The records>
● ● ● ●

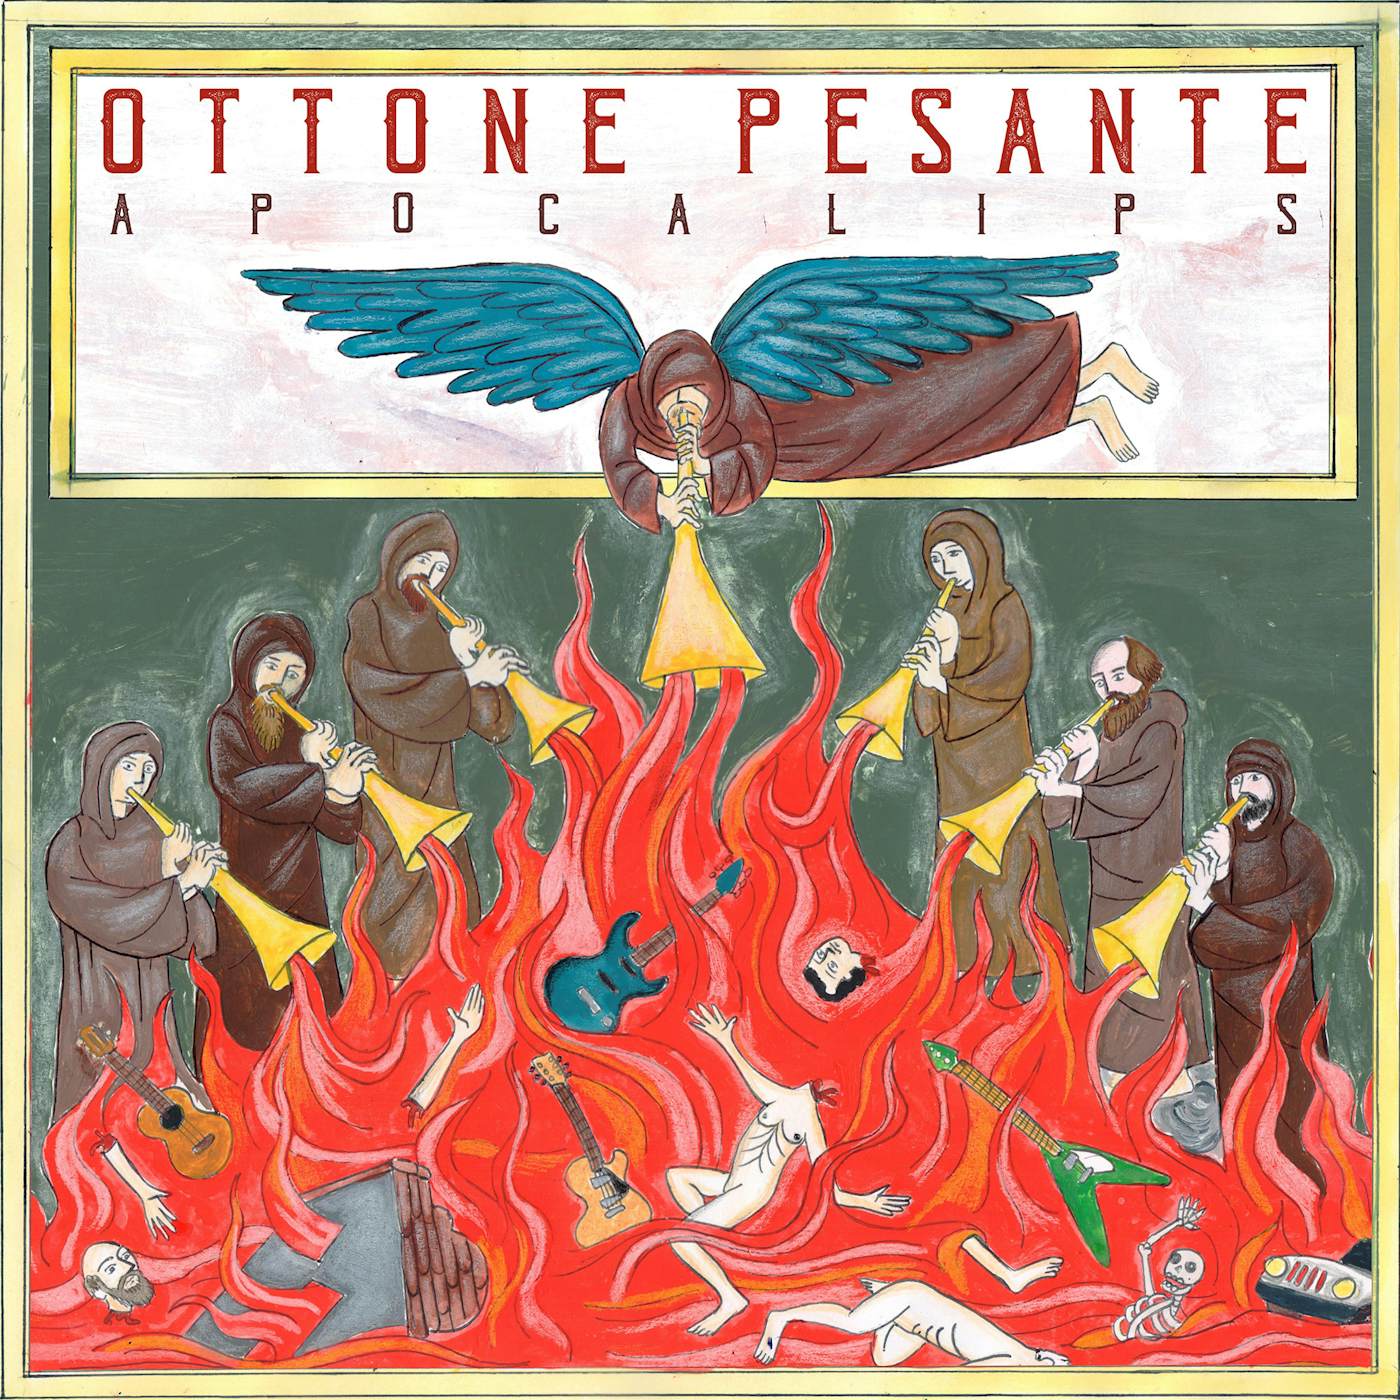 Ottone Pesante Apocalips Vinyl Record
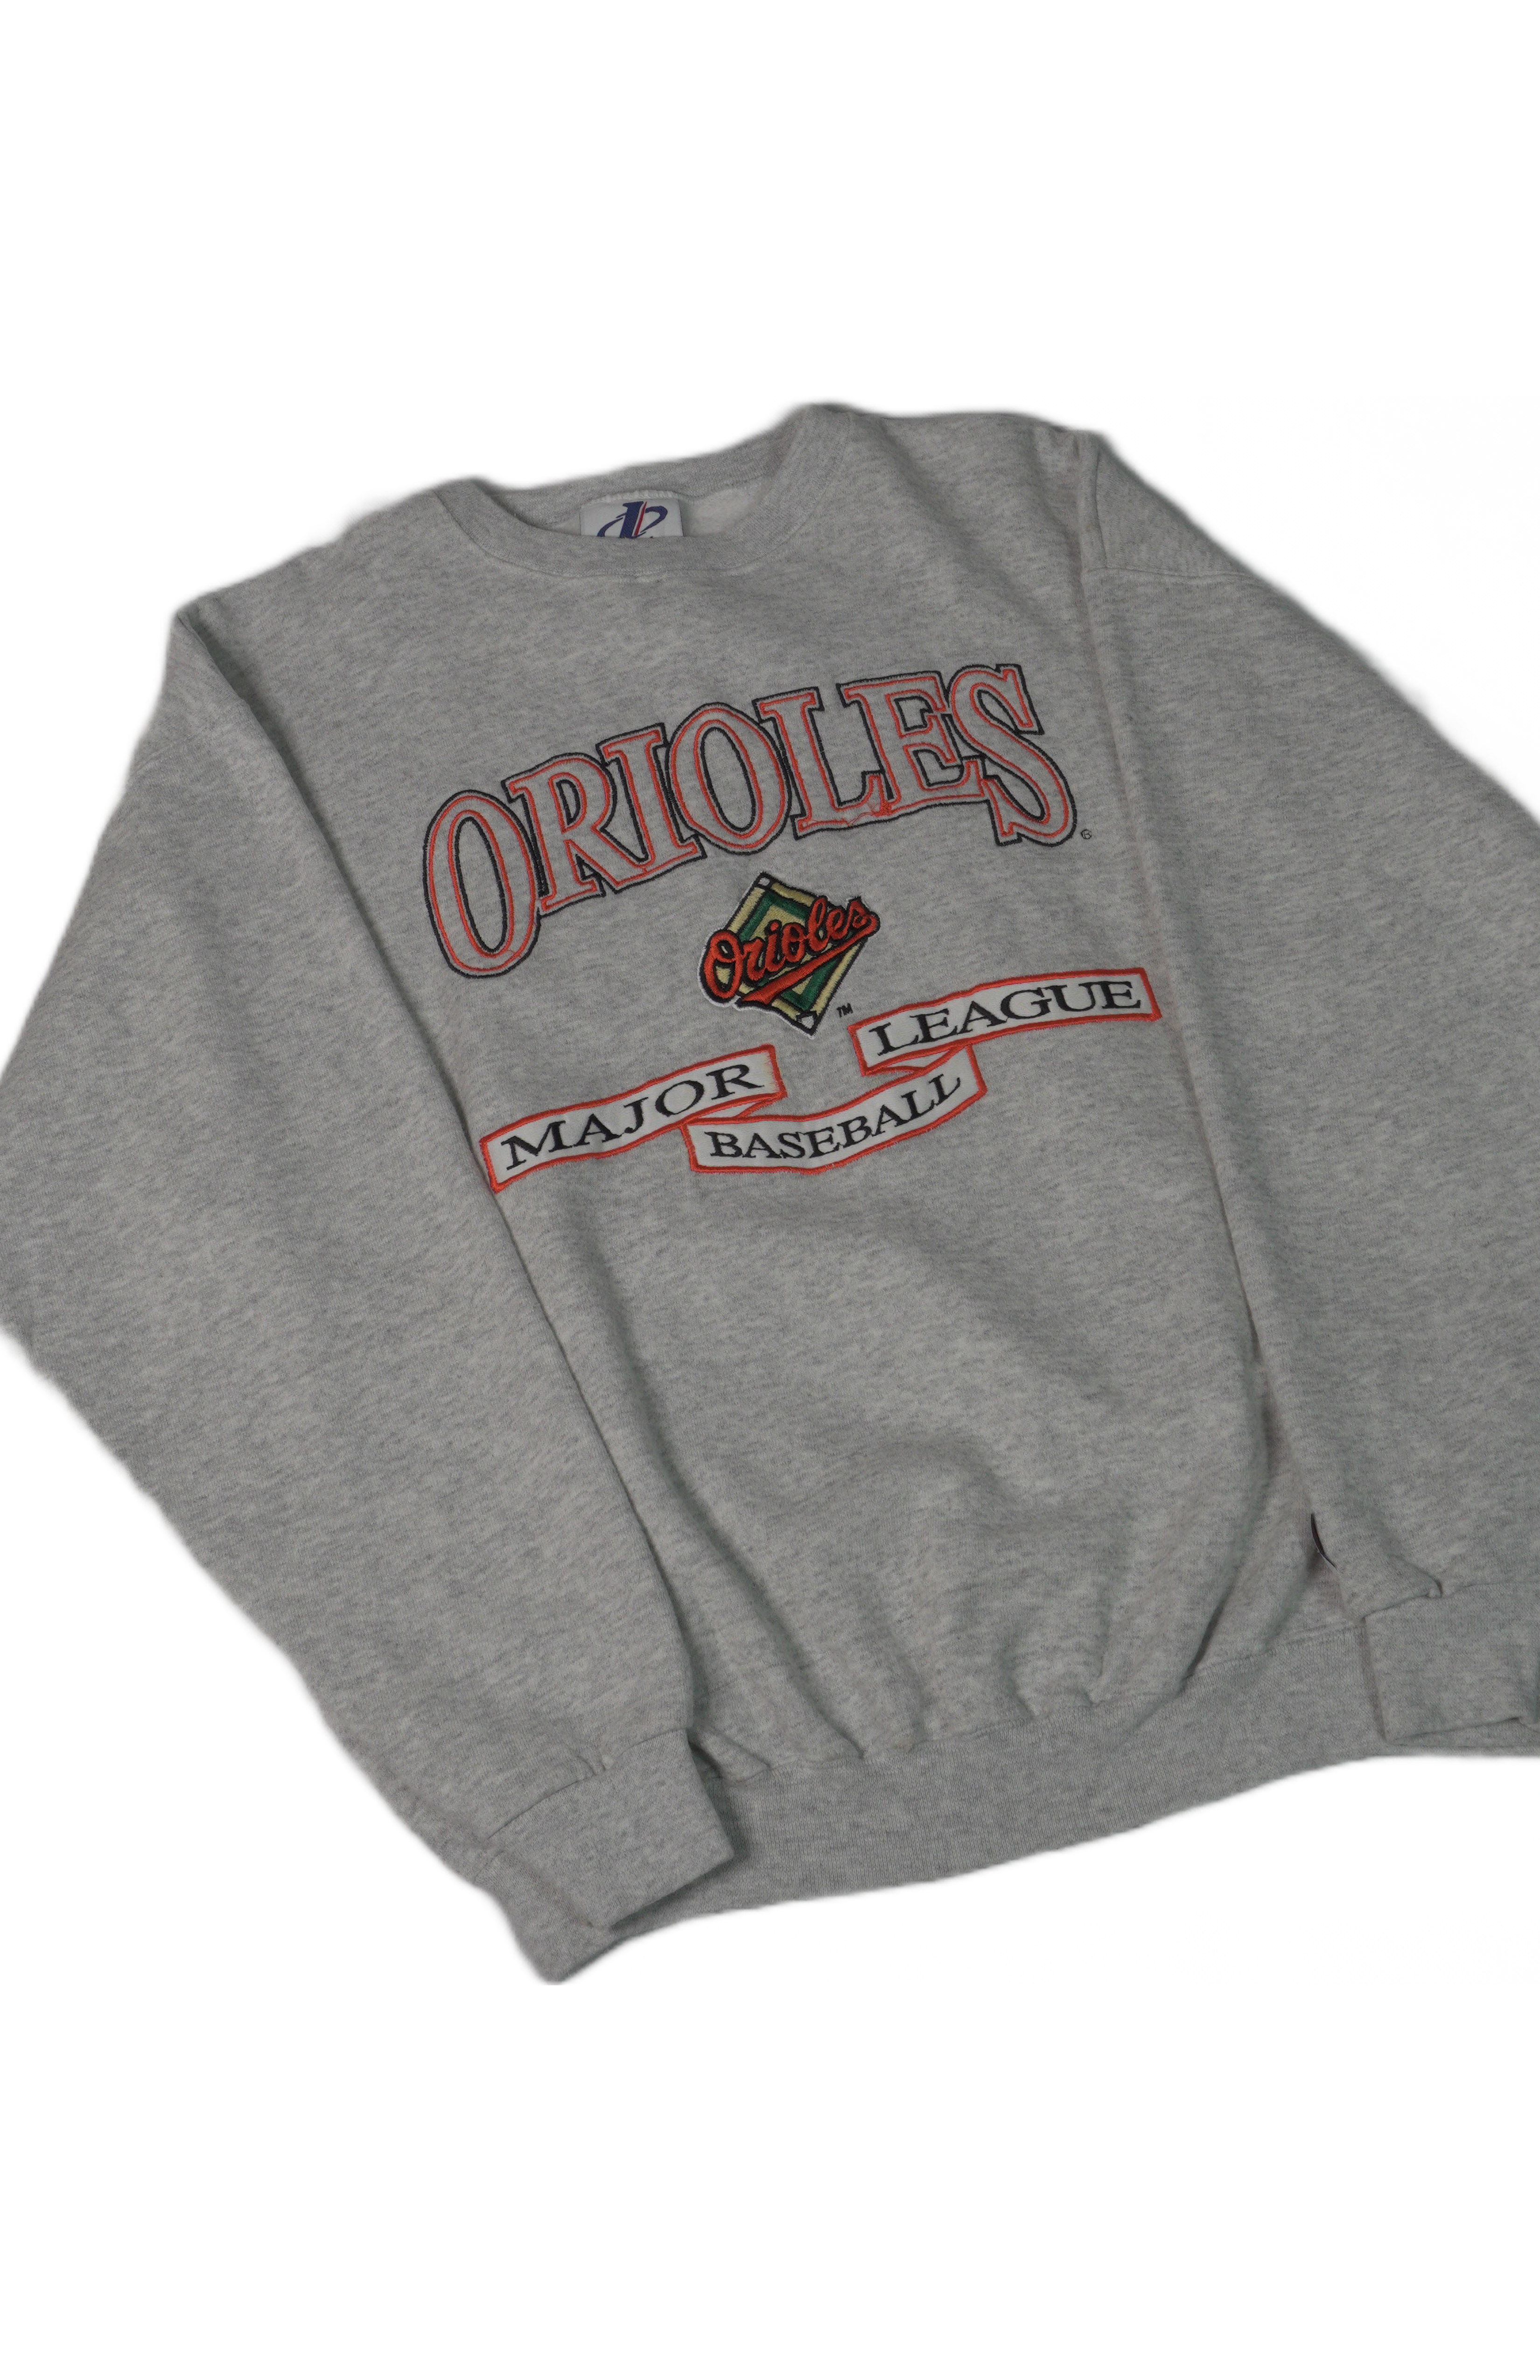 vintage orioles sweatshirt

● ● ● ●

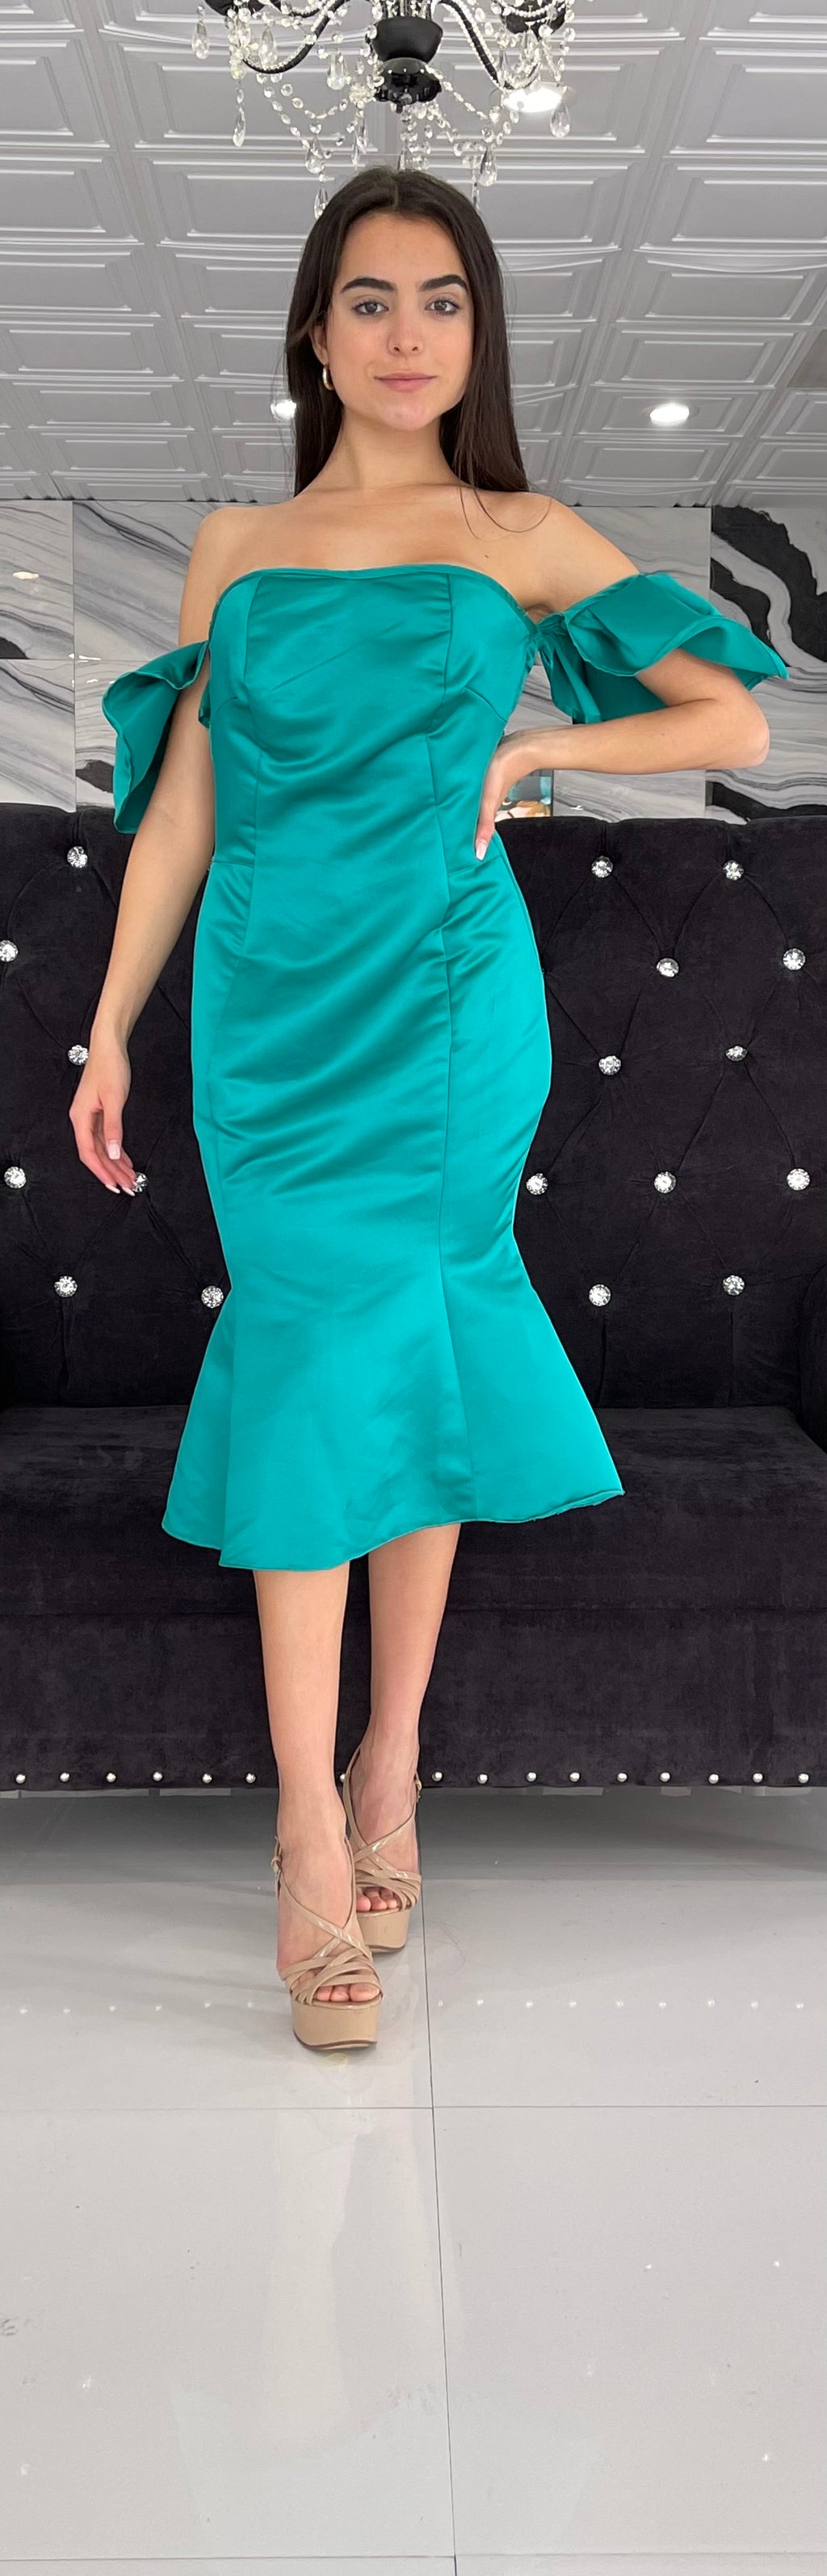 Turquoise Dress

● ● ● ●

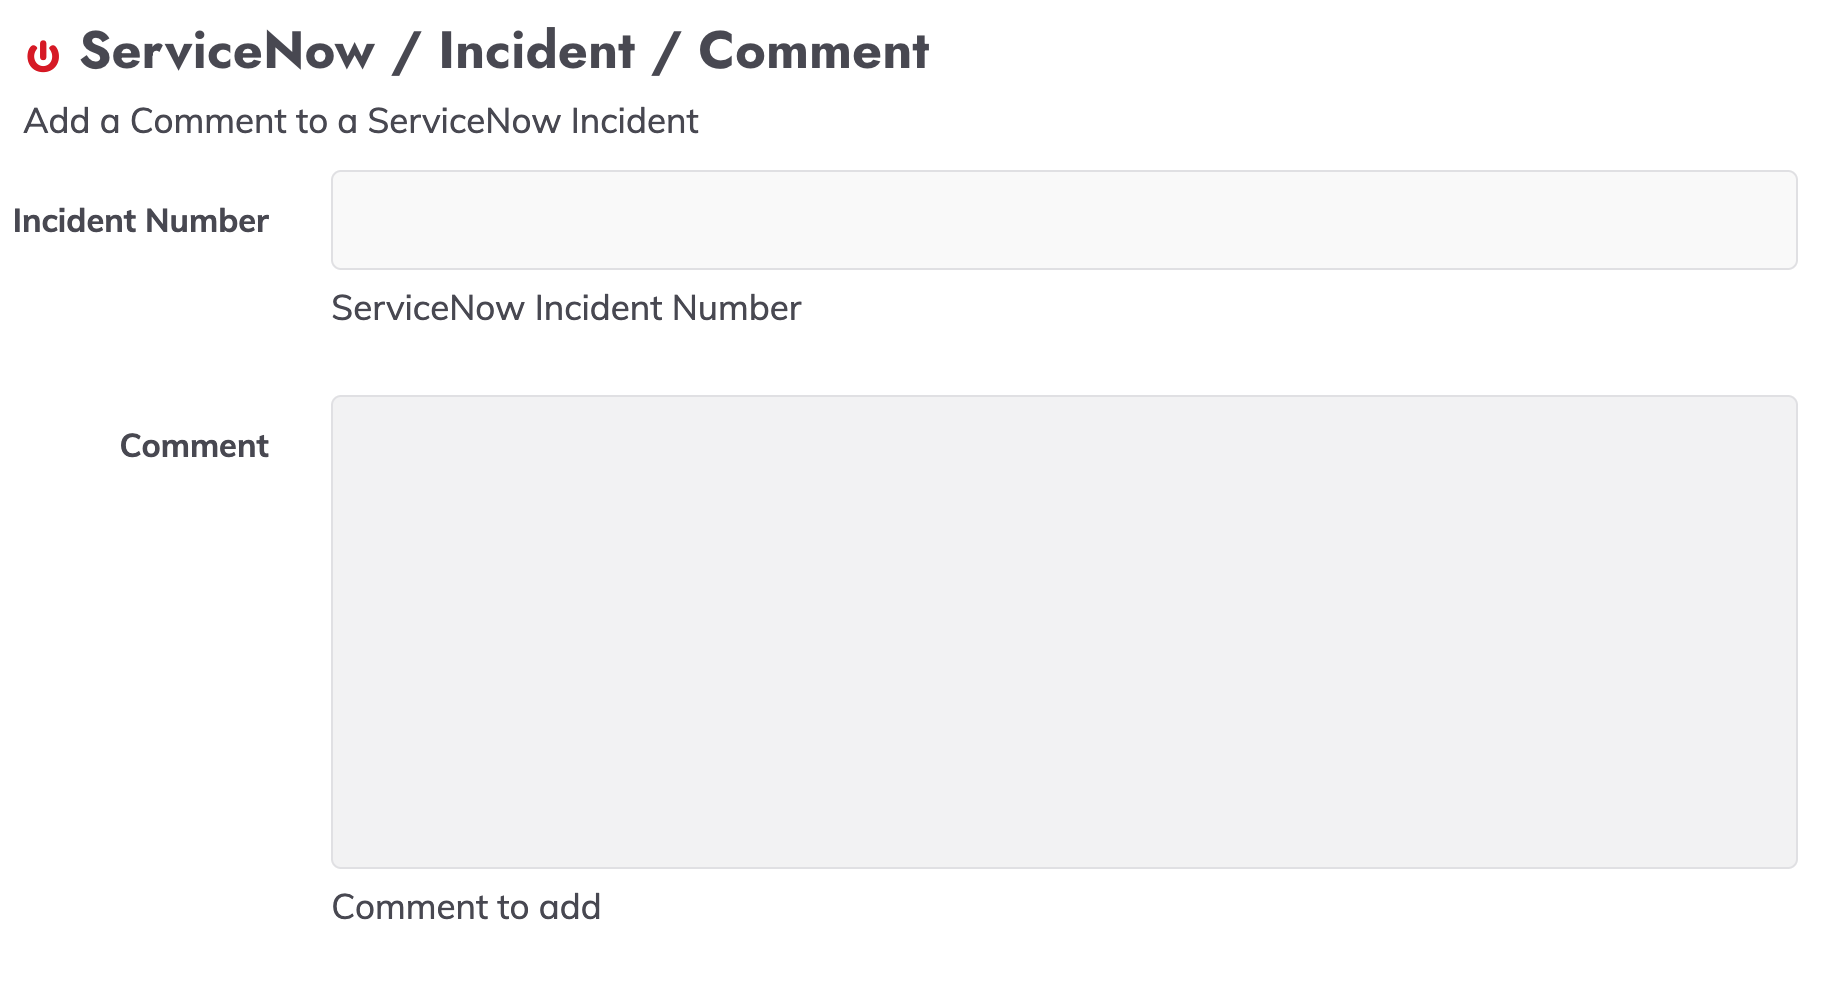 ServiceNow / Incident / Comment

● ● ● ●

Brief> What is needed is an exact copy of the lines above from the one with "Ottone Pesante Apocalips Vinyl Record" to the one with "vintage orioles sweatshirt", both ends kept, and nothing more; please leave the pictures out.

Solution to this task>
 Ottone Pesante Apocalips Vinyl Record
 vintage orioles sweatshirt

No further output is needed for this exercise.